Другое дело Бойчук. О нем Ярош расспрашивал особенно настойчиво. Здесь было открытое и циничное предательство, и это вызывало в Яроше такую ненависть, что ему трудно было дышать. Встретиться бы с этим Бойчуком с глазу на глаз!
Память Яроша выхватывает из событий недавнего прошлого один факт. Как могло случиться, что старого коммуниста Диброву, кристально честного и преданного человека, вследствие каких-то безосновательных подозрений и сплетен лишили права заведовать отделом, а на его место назначили Бойчука? И Бойчук стал руководить Дибровой, поучать, проверять его политическую благонадежность.
«Где теперь Диброва? — спрашивал себя Ярош. — Конечно, на фронте. Может быть, в эту минуту бросается с гранатой на танк. Может быть, ведет бойцов в контратаку. И за ним идут, ему верят. А Бойчук пишет про последние дни советской власти… Нет, продажная шкура, это пришли твои последние дни. Прежде чем идти дальше, к фронту, я тебя убью. Клянусь всем дорогим для меня, клянусь Женей!»
То, что он подумал о Жене как о мертвой, показалось ему преступлением и кощунством. Зачем он ее отпустил, зачем не пошел с ней, чтоб уберечь, спасти или вместе погибнуть!
Он не знал, что на свете бывает такая радость, — ее глаза сказали ему об этом. Он не знал, что на свете бывает такая нежность, — ее руки обнимали его.
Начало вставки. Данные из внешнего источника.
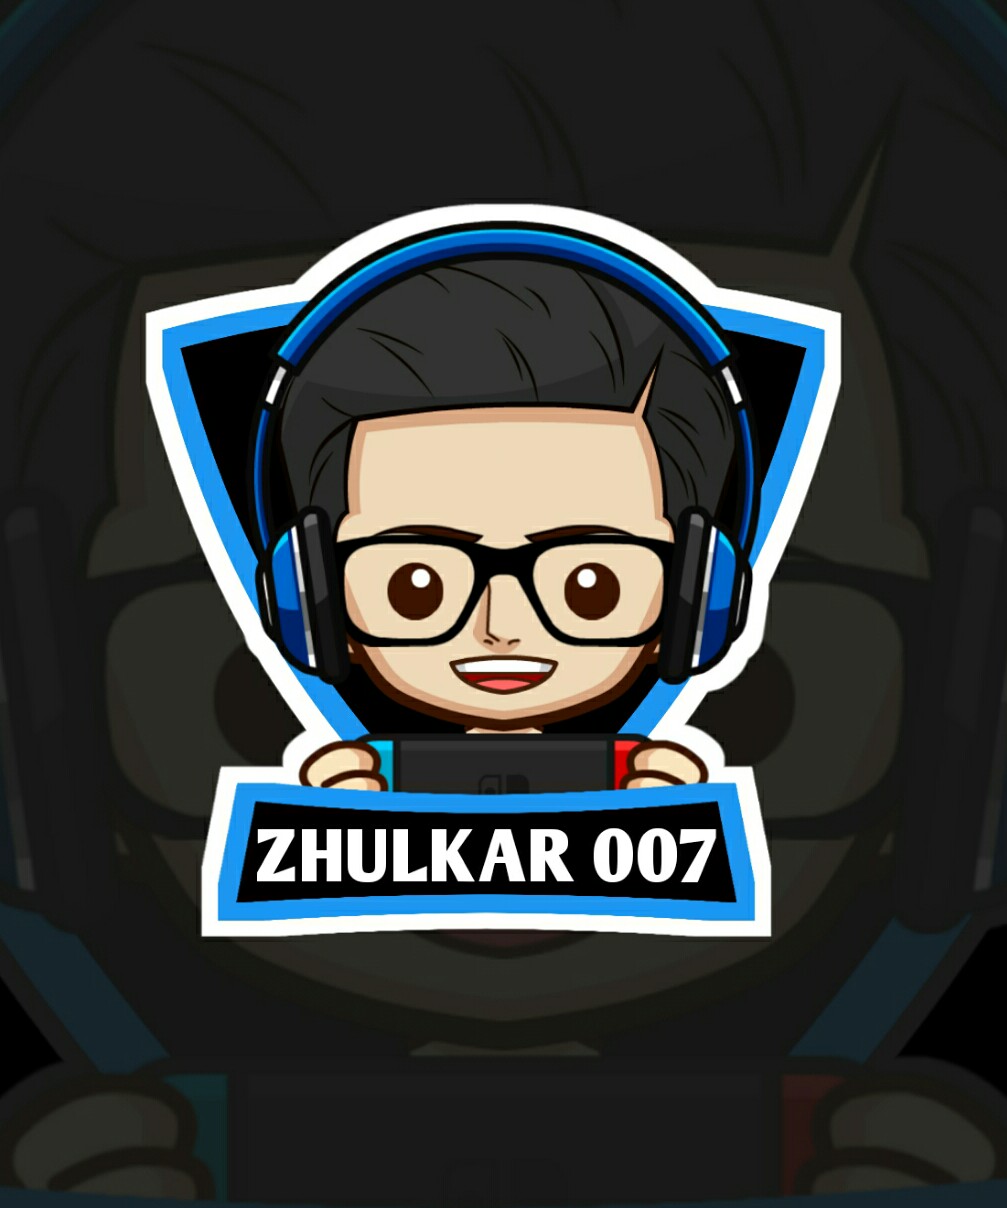 ZhulkaR007
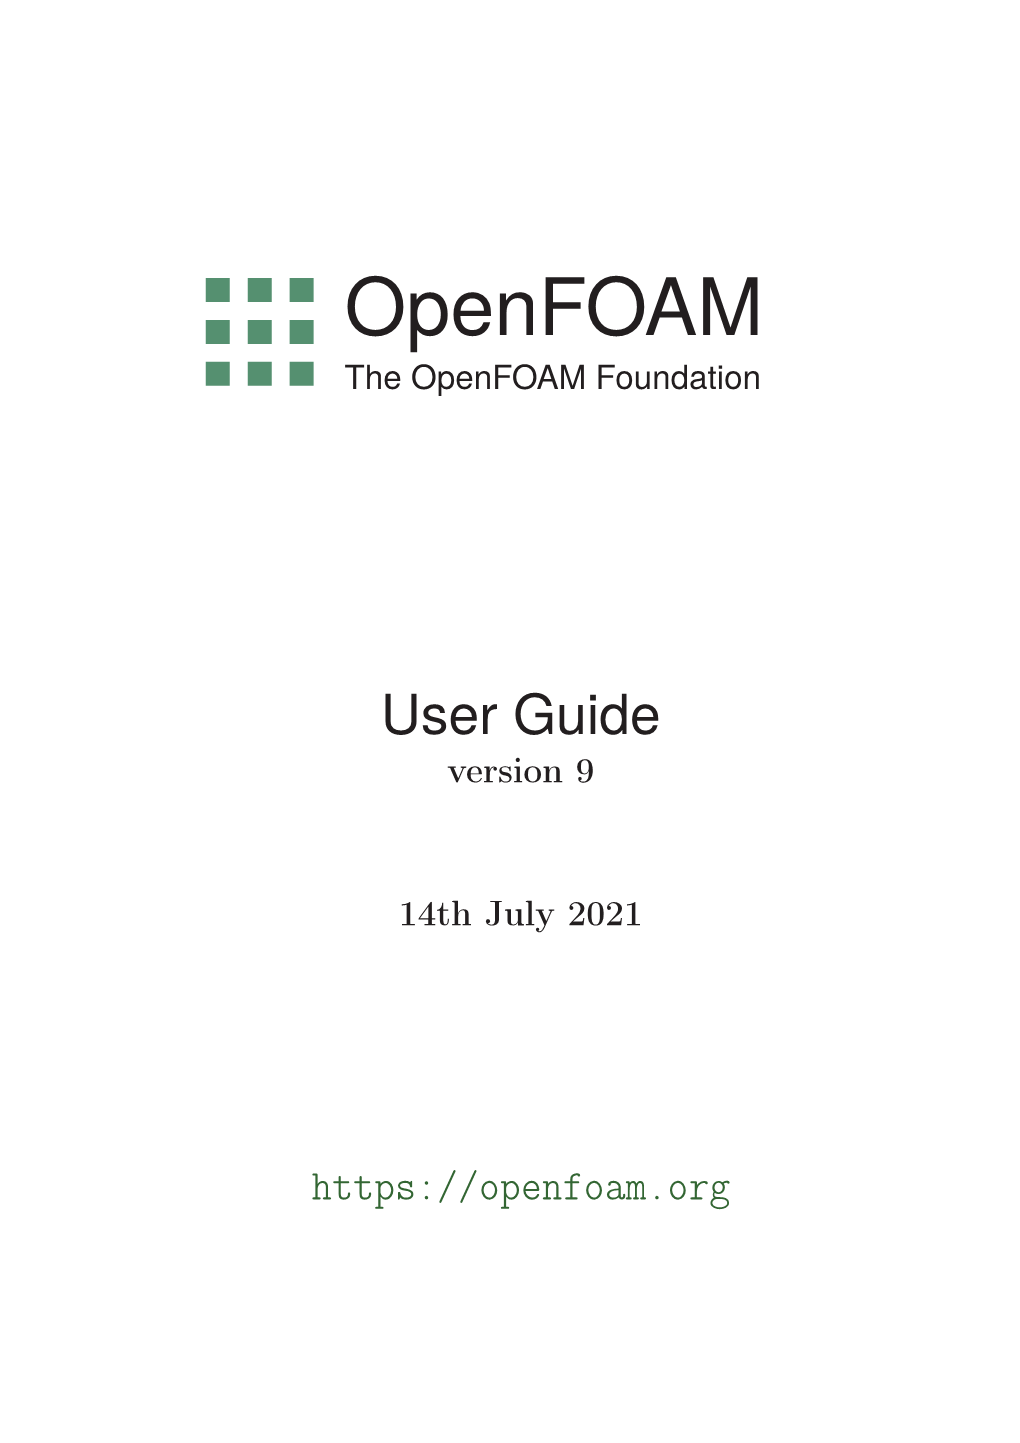 Openfoam User Guide, Version 9

Ему слышался обжигающий шепот, прерывистое жаркое дыхание: «Я люблю тебя, и нашла тебя, и мы никогда не разлучимся…» — «Почему, почему ты не уехала из Киева?..»— «Я искала тебя» — «Сумасшедшая! С чего ты взяла, что я должен быть в Киеве?» — «Не знаю. Здесь я тебя потеряла и здесь — видишь — нашла… Может быть, это суеверие, может, это какое-то подсознательное чувство — не знаю. Я приходила и спрашивала дворничиху…» И Ярош слышит голос Перегудихи: «Видно, крепко приворожил, что прямо в дрожь кинуло, когда я сказала: да пришел уж, пришел».
Он пришел. А она ушла. И — навсегда.
Ярош вскочил с места.
— Спасибо, тетя Настя. Я пойду…
Шел третий день, и он уже ничего не ждал и ни на что не рассчитывал. Опять бродил, опять возвращался, задыхаясь от быстрого шага. Все-таки какая-то надежда еще тлела в душе. Перегудиха молчала.
Дома Ярош съел две картофельные лепешки, которые сунула ему в карман тетка Настя, запил водой. Потом полежал на диване.
По-осеннему быстро вечерело. Тьма нависала над головой каменной глыбой. Ярош толкнул стул, чтоб разбить гнетущую тишину, но она снова густым месивом заполнила комнату. Он подошел к окну. Над центром города багрово отсвечивали тучи. «Кажется, в давние времена, — думал Ярош, — Крещатым яром текла, сбегала в Днепр речка. А теперь там клокочет огненная река. Не собираются ли они сжечь весь Киев, как это сделал Батый?»
Ярош заслонил окно листом картона, который дала ему Перегудиха, и зажег свечку. Тусклый желтый огонек отогнал тьму в углы, но теперь каждая вещь в комнате колола глаза, кричала: «Как ты оказался здесь? Что ты тут делаешь?»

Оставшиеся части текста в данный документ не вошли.